按理说,王小鹰应该和所有的援鄂医务人员一样,心情是很激动很兴奋的,毕竟来鄂几十天了,谁都开始有了想家的感觉。但是她没有,反而显得心事重重。和她一起同舍住的小同事韩青,是个快乐的女孩子。她神秘兮兮地问王小鹰:小鹰姐,你回去后最想做的第一件事是什么?能说吗?王小鹰没有心思回答,就随口反问,你想做的第一件事是什么?韩青就将嘴伸到王小鹰的耳边:我

王小鹰一听忍不住笑出声来,你这个细姑娘,你还知不知道羞耻这二字呀,亏你,这话也说得出口?韩青不示弱,这有什么?连圣人不是都说食色性也吗?要知道我是新婚连蜜月都没有度完就来武汉的。哪儿象你呀,也许是早吃腻了呢。王小鹰有点生气了,韩青,说什么呀,小姑娘家家的,说你胖还真喘上了?韩青讨饶了,姐,别生气,我就是想着明天要回去了开心,说话才口无遮拦的。怎么样,姐,我们出去在附近走走,来了几十天了,不要说武汉是个什么样,就连方舱周围我们也没看过,出去拍几张照片,留个纪念。王小鹰说,你去吧,拍完了,发给我,我今天有点不舒服。说完将身子靠在床上,闭上了双目。韩青有点小失望,那好吧,姐,我出去了,你休息。

一点不错,王小鹰确有心事。她的心事是回去不知如何坦然面对即将发生的一切。

那是她来武汉前几天发生的事。

那天,她将事先打印好的离婚协议书摔在了当刑警大队长的老公秦远山面前,要求老公在那上面签字,老公不愿意说,小鹰,你怎么啦,我哪儿又做错了?王小鹰说,你没错是我错了,我现在想纠正错误,麻烦你,成全我!老公说,非要签吗?王小鹰不容商量,一定要签!签完了,这里的一切都是你的,我净身出户。老公惊讶,你净身出户?他这才拿过协议书,仔细地看了一遍说,不行,你把我改成你,我净身出户,住单位,否则,我不签!王小鹰说,也好,是你说的,你等着,我这就改!她说完就走到电脑桌前打开电脑又连上打印机。其时,老公转身进了房间里。很快,王小鹰将新的离婚协议书打印完毕,喊道,你出来,签字!老公立刻从房间里出来,手里拿着一支签字笔。说,你先签。
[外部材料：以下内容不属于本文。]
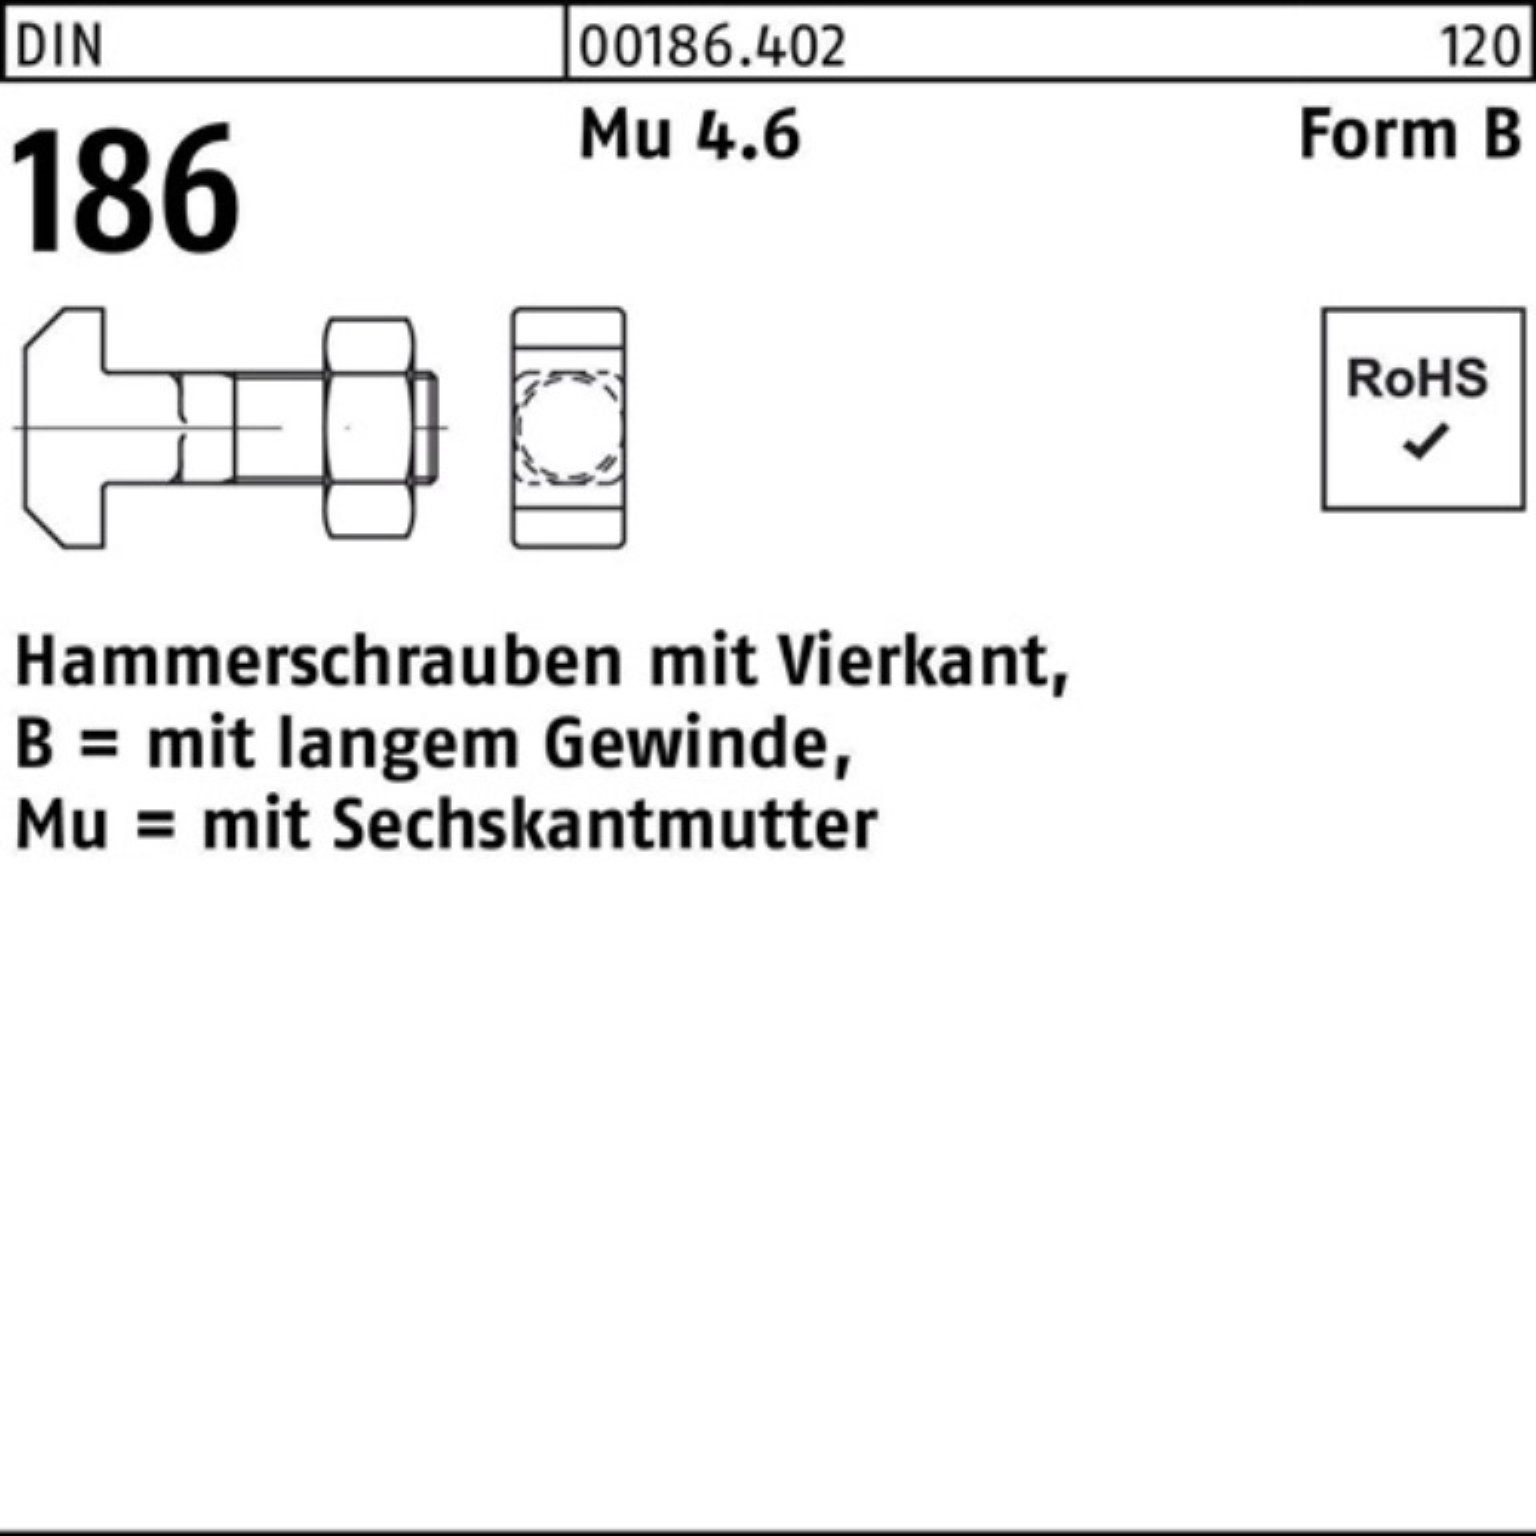 6-ktmutter Pack Hammerschraube DIN BM 100er 24x FormB Reyher 160 Schraube 186 Vierkant

王小鹰没有二话,接过老公手里的笔,刷刷在两份协议书上各签上王小鹰的大名,然后将笔狠狠地塞给老公,老公也不再迟疑,也在两份协议书上各签上秦远山三个字。协议书俩人各持一份。

家里的程序完成了,王小鹰又加了一句,说等春节假期结束,马上去民政局办手续。秦远山说,行啊,不过,你把协议书放好,小心弄丢了,弄丢了,我可不补的。听老公如此说,王小鹰又狠狠瞪了他一眼。老公当做没看见,摘下挂在墙上的大盖帽,说了句,我上班去了,就扬长出了门。看着老公出门的背影,她呆呆了一阵子,不觉无声地哭了起来。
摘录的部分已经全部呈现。